Within the entries below, please retype exactly the lines starting with the line that has "Мастурбатор яйцо Tenga" and going on through the line that has "Motorrad Mieten &", but not the pictures.

*** Given records Section Begins ***

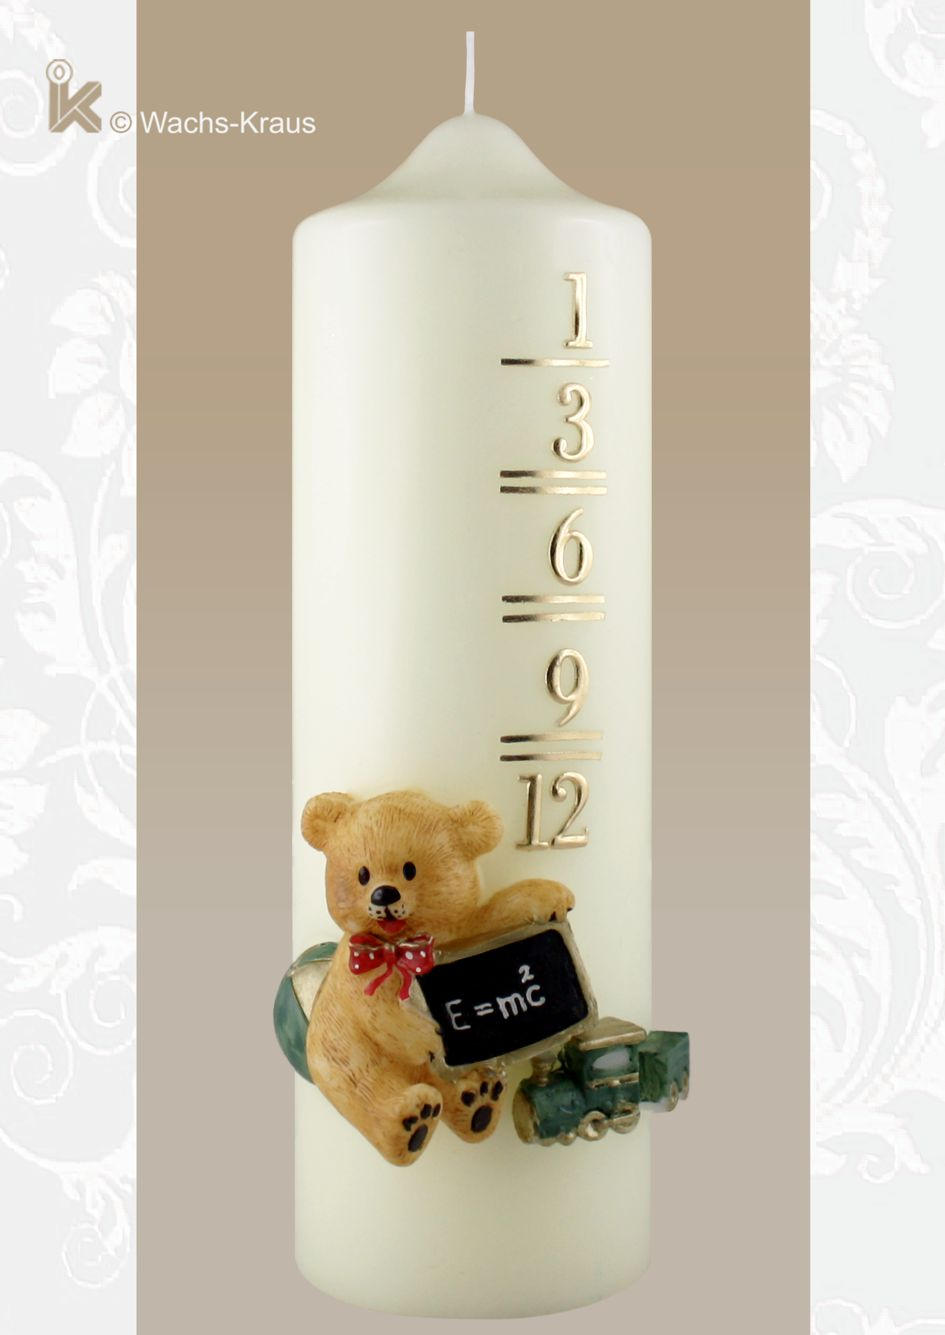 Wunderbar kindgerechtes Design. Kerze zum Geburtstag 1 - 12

*** Given records Section Ends ***
*** Given records Section Begins ***

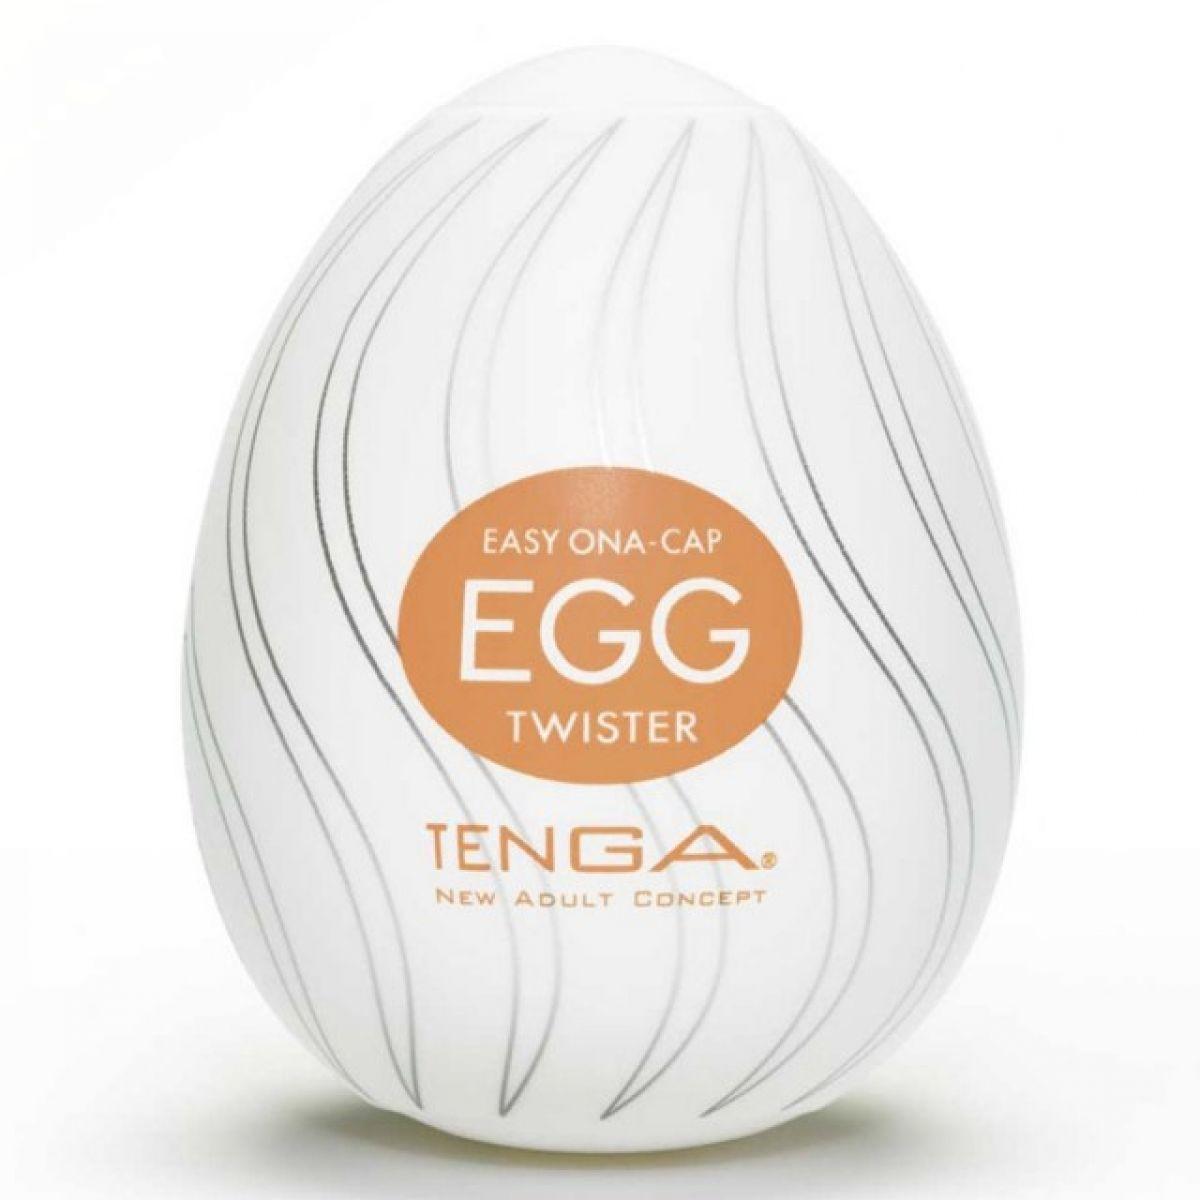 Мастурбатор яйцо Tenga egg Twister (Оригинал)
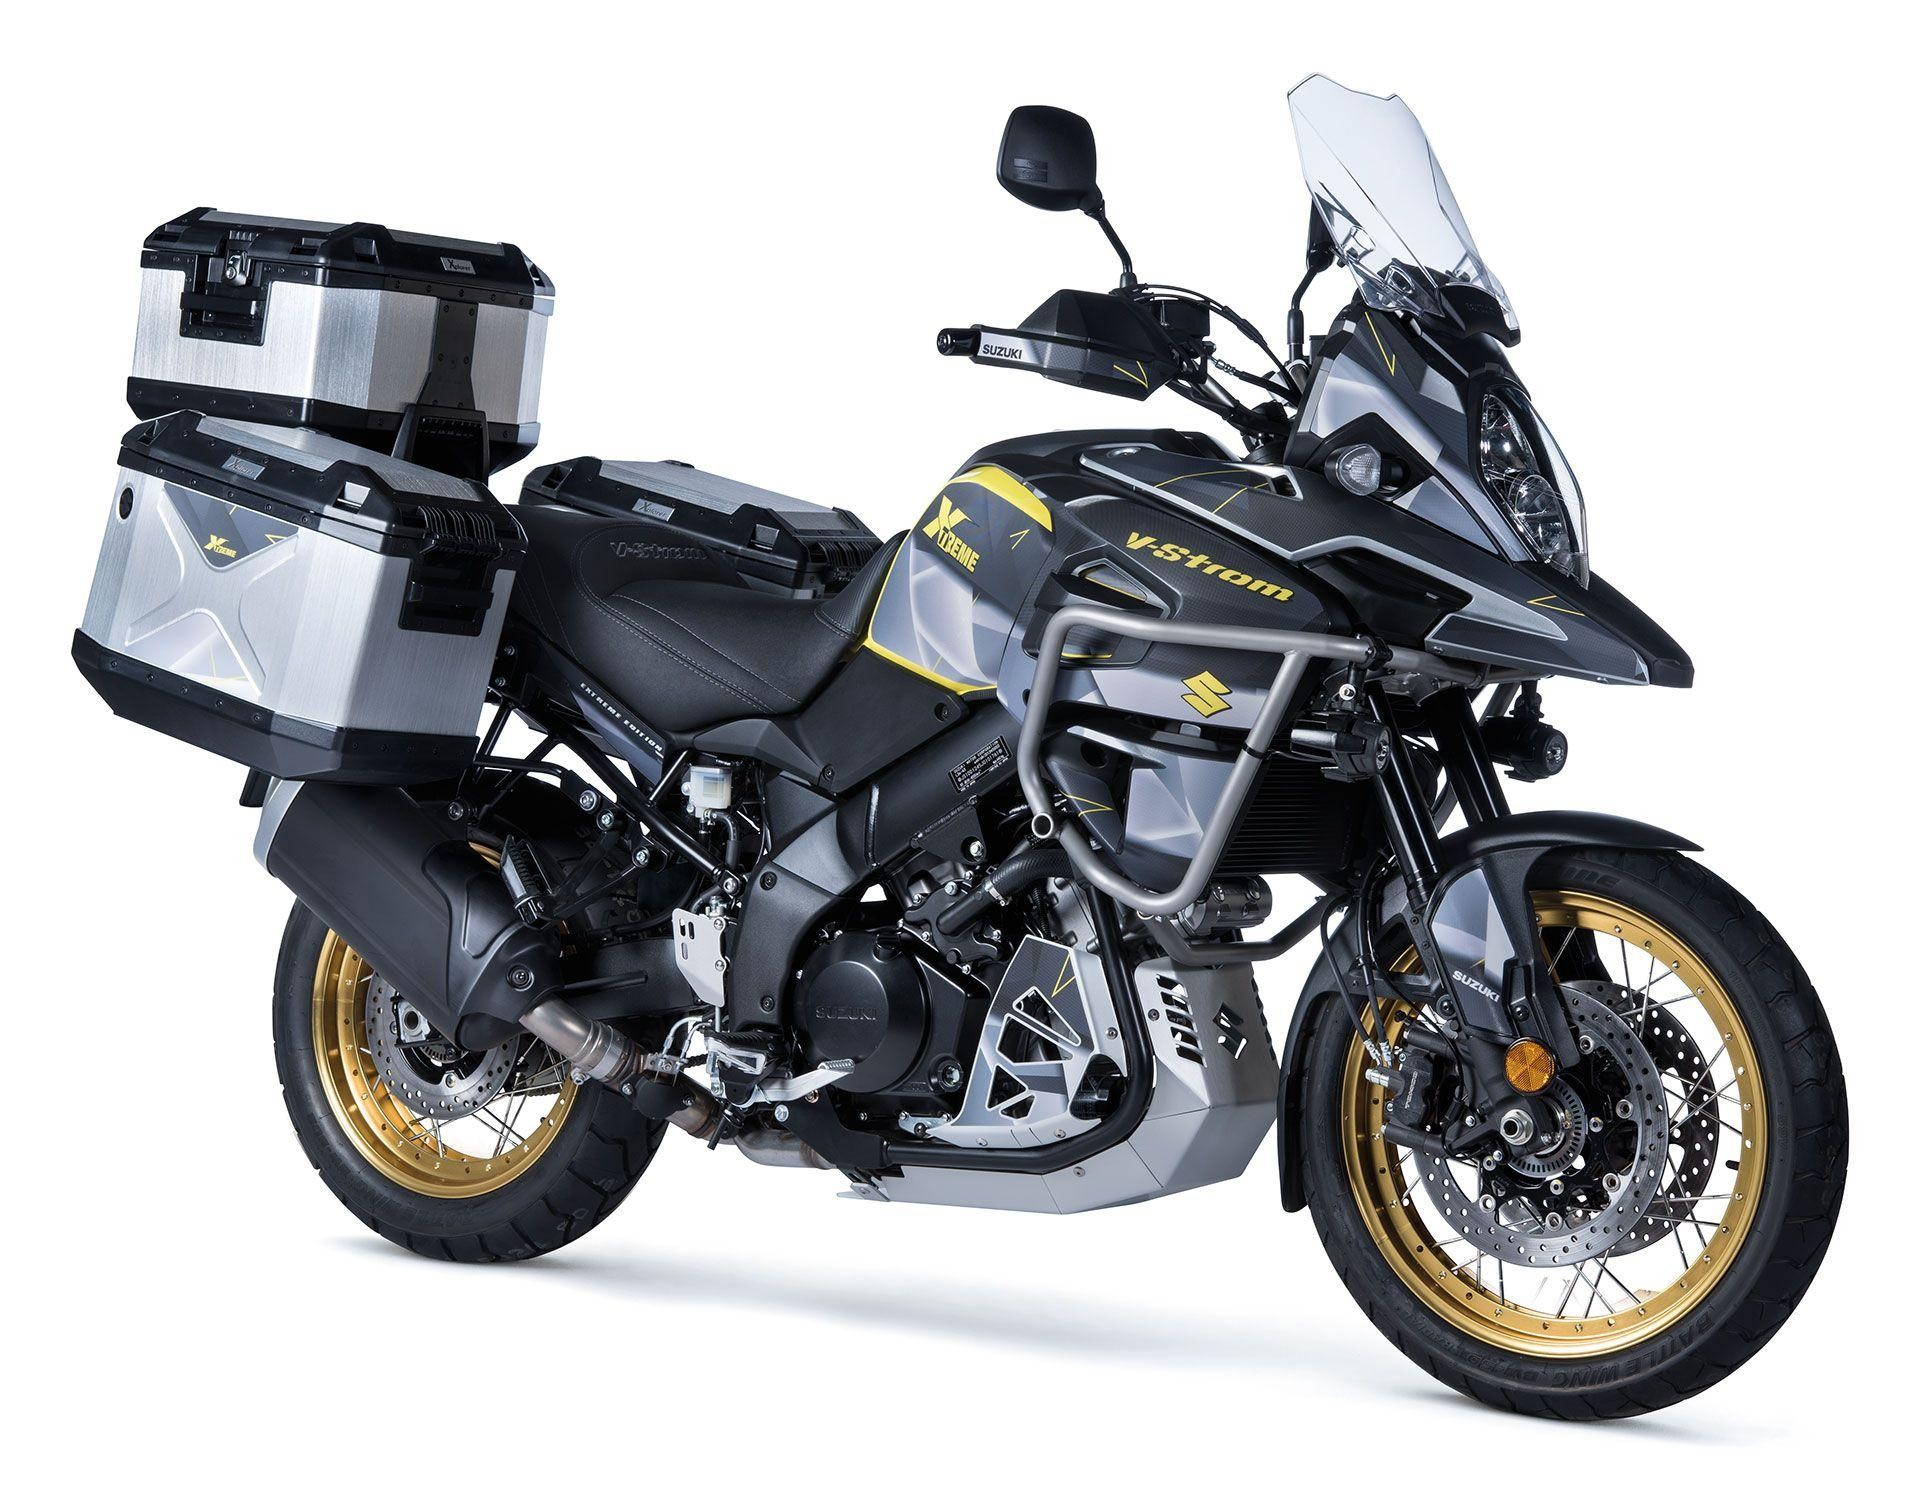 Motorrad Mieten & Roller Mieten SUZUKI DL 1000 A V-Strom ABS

*** Given records Section Ends ***

Result of the task:
 Мастурбатор яйцо Tenga egg Twister (Оригинал)
 Motorrad Mieten & Roller Mieten SUZUKI DL 1000 A V-Strom ABS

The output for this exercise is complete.